> _THE PROBLEM_
Return only the stretch of the material below that begins with the line containing "Dasikonische Apple-logo Auf" and ends with the line containing "La Supén determinó", exactly; both of those lines belong to it.

> _TASK INPUT_
┄┄┄┄┄┄┄┄┄┄

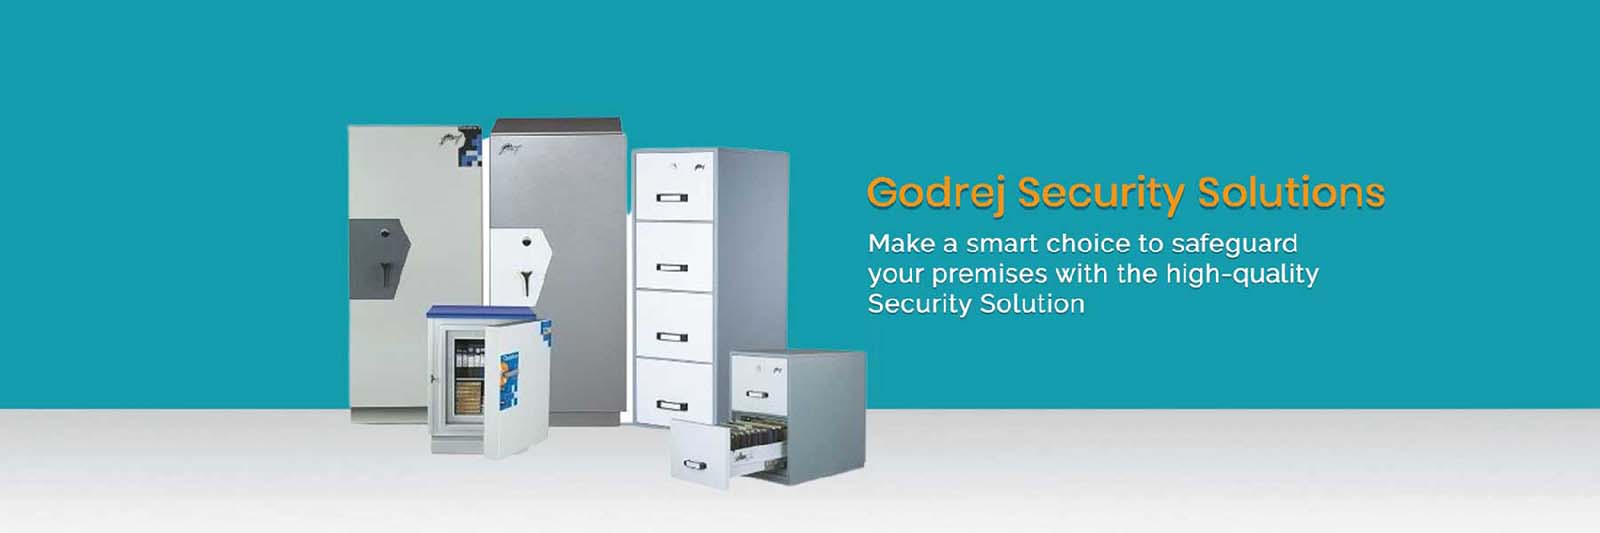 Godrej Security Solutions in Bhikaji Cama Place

┄┄┄┄┄┄┄┄┄┄

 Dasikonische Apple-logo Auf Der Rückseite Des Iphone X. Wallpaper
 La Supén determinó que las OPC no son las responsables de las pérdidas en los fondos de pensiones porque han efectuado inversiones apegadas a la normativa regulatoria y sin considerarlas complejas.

┄┄┄┄┄┄┄┄┄┄

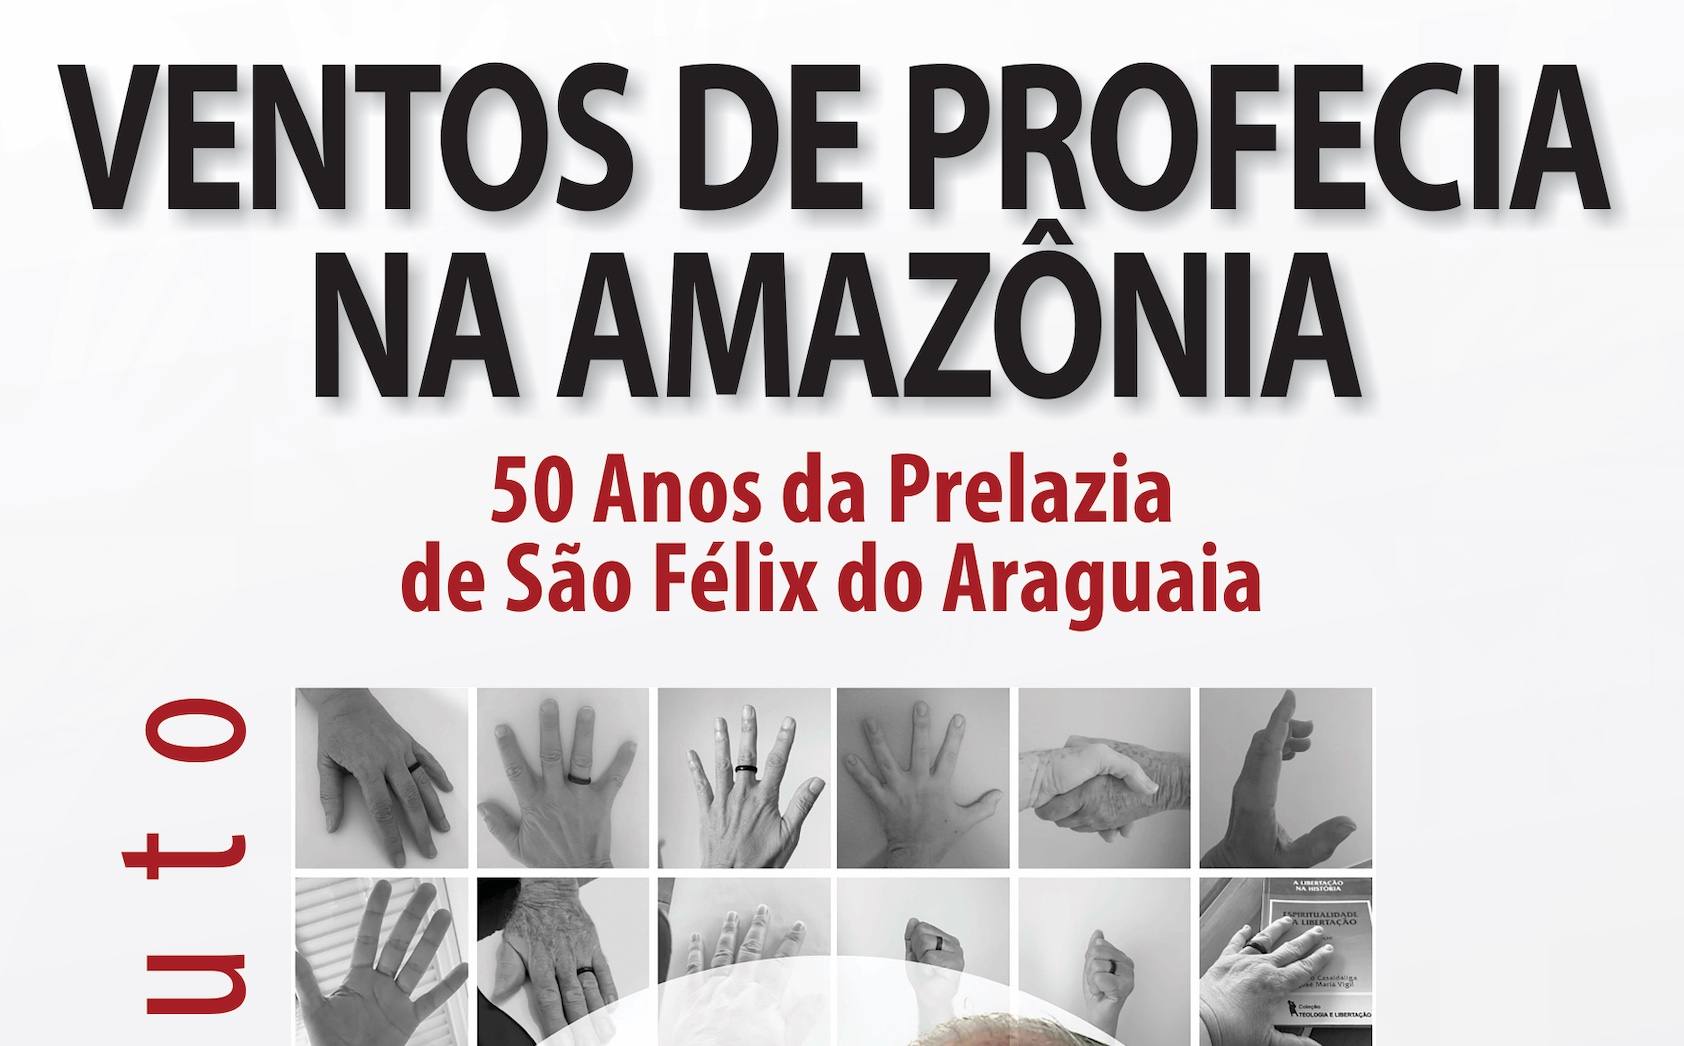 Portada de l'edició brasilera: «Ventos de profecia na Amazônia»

┄┄┄┄┄┄┄┄┄┄

> _THE COMPLETED TASK_
 Dasikonische Apple-logo Auf Der Rückseite Des Iphone X. Wallpaper
 La Supén determinó que las OPC no son las responsables de las pérdidas en los fondos de pensiones porque han efectuado inversiones apegadas a la normativa regulatoria y sin considerarlas complejas.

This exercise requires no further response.